Since for each pair of different players i and \(i^{\prime }\) the denominators in the respective first-order conditions are identical, for each pair of players i and \(i^{\prime }\), we find

$$\begin{aligned} \textstyle \lambda ^{i}/\sum _{k\ne i}{\overline{\sigma }}^{k}_{j} = \lambda ^{i^{\prime }}/\sum _{k\ne i^{\prime }}{\overline{\sigma }}^{k}_{j} \quad \Longleftrightarrow \quad \lambda ^{i}\sum _{k\ne i^{\prime }}{\overline{\sigma }}^{k}_{j} = \lambda ^{i^{\prime }}\sum _{k\ne i}{\overline{\sigma }}^{k}_{j} \quad (j=1,\ldots ,m). \end{aligned}$$

Now, summing over all \(j=1,\ldots ,m\) gives us

$$\begin{aligned} \textstyle (n-1)\lambda ^{i}=\sum _{j=1}^{m}\lambda ^{i}\sum _{k\ne i^{\prime }}{\overline{\sigma }}^{k}_{j}=\sum _{j=1}^{m}\lambda ^{i^{\prime }}\sum _{k\ne i}{\overline{\sigma }}^{k}_{j}=(n-1)\lambda ^{i^{\prime }}, \end{aligned}$$

such that for each pair of players i and \(i^{\prime }\) we have

$$\begin{aligned} \textstyle \sum _{k\ne i^{\prime }}{\overline{\sigma }}^{k}_{j} = \sum _{k\ne i}{\overline{\sigma }}^{k}_{j} \quad \Longleftrightarrow \quad {\overline{\sigma }}^{i}_{j}={\overline{\sigma }}^{i^{\prime }}_{j} \quad (j=1,\ldots ,m). \end{aligned}$$

Exploiting this symmetry across players, the first-order condition for each player i becomes

$$\begin{aligned} p_{j}\,\frac{n-1}{n^{2}\,{\overline{\sigma }}^{i}_{j}} = \lambda ^{i} \quad \Longleftrightarrow \quad {\overline{\sigma }}^{i}_{j} = \frac{1}{\lambda ^{i}}\,\frac{n-1}{n^{2}}\,p_{j} \quad (j=1,\ldots ,m). \end{aligned}$$

Since \(\frac{1}{\lambda ^{i}}\,\frac{n-1}{n^{2}}\) is constant with respect to j, we obtain, for all \(i=1,\ldots ,n\),

$$\begin{aligned} {\overline{\sigma }}^{i}_{j} = p_{j} \quad (j=1,\ldots ,m). \end{aligned}$$

This completes the proof.Footnote 3\(\square\)

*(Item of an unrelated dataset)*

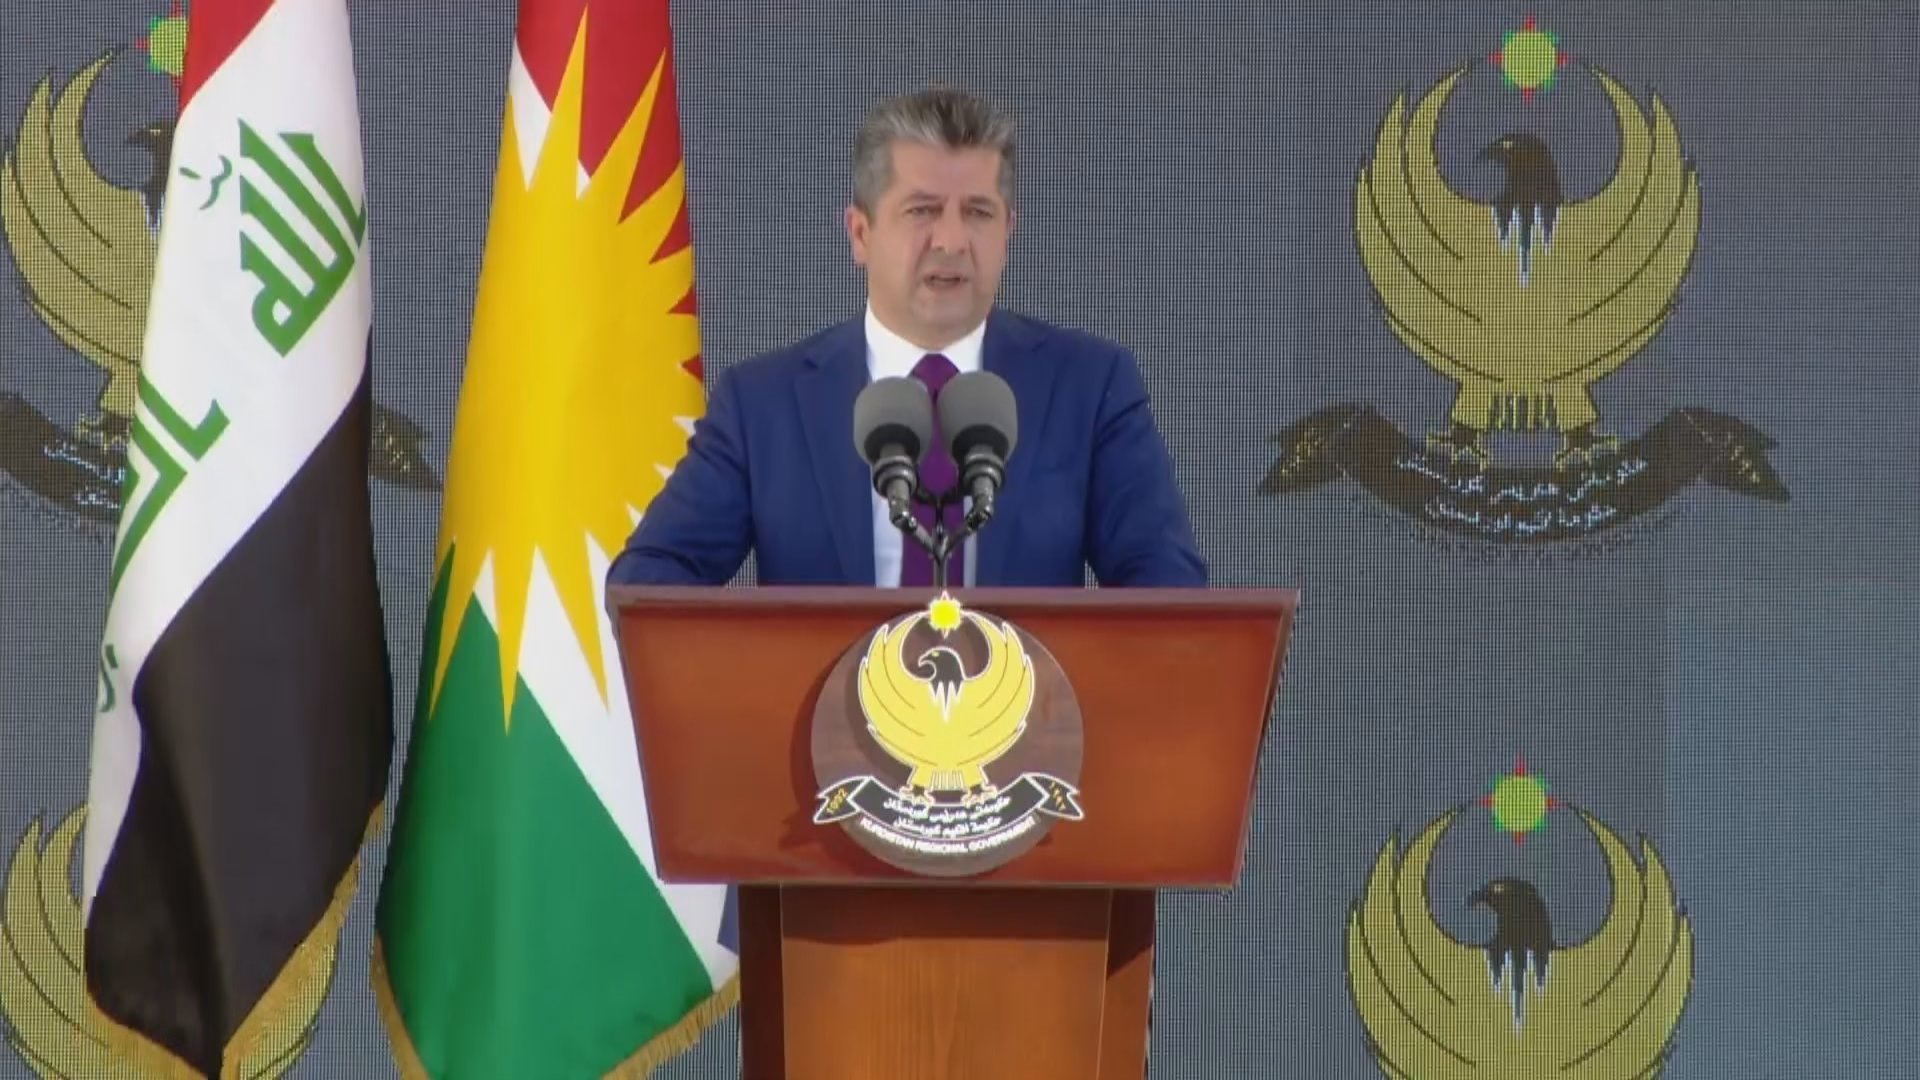 مسرور بارزاني يوجه وزير الثروات الطبيعية بزيارة بغداد بهدف تأمين المحروقات

The proposition implies that, even if the true realization probabilities are unknown to the decision maker who implements the game, equilibrium play will fully reveal these probabilities to her, as long as they are common knowledge to the players. Moreover, this holds for any number of players.

3 Experimental design

Our experimental design implements the setting just described with and without common knowledge of realization probabilities for varying numbers of competing players. In the remainder of this section, we first present the precise decision framework, after which we present the details of our design (including the treatment variations) and all relevant experimental procedures. The experiment uses the same design as in Peeters and Wolk (2019) and extends the treatments with proportional payoffs to more than two players. Therefore, this section largely follows the design section of that paper.

3.1 Setting

Each member of a group of n individuals is asked to allocate 100 units of resources over eleven bins that represent the possible events, as is illustrated in Fig. 1. Next, a chance mechanism determines the bin that is decisive for the individuals’ payoffs. Only the resources that are allocated to this particular bin are relevant for how the total group reward of \(100\,n\) points is shared among the members of the group and individuals receive shares in proportion to the amount of resources allocated to this bin.Footnote 4

Fig. 1
figure 1

The eleven future events

The decisive bin is selected by a random process that starts at zero at time \(t=0\) and that terminates once it reaches one of the bounds at either \(+\,\,2.5\) or \(-\,\,2.5\). Alternatively, if neither of the two bounds are crossed before \(t=100\) the process terminates at that point. Each innovation is drawn from a normal distribution with mean zero and a standard deviation equal to 0.2770.Footnote 5 Figure 2 shows one time series generated by this process from the experiment, used in round 11, that led to a termination at the lower bound at time \(t=82\).

Fig. 2
figure 2

An example of a time-series (round 11 in the experiment)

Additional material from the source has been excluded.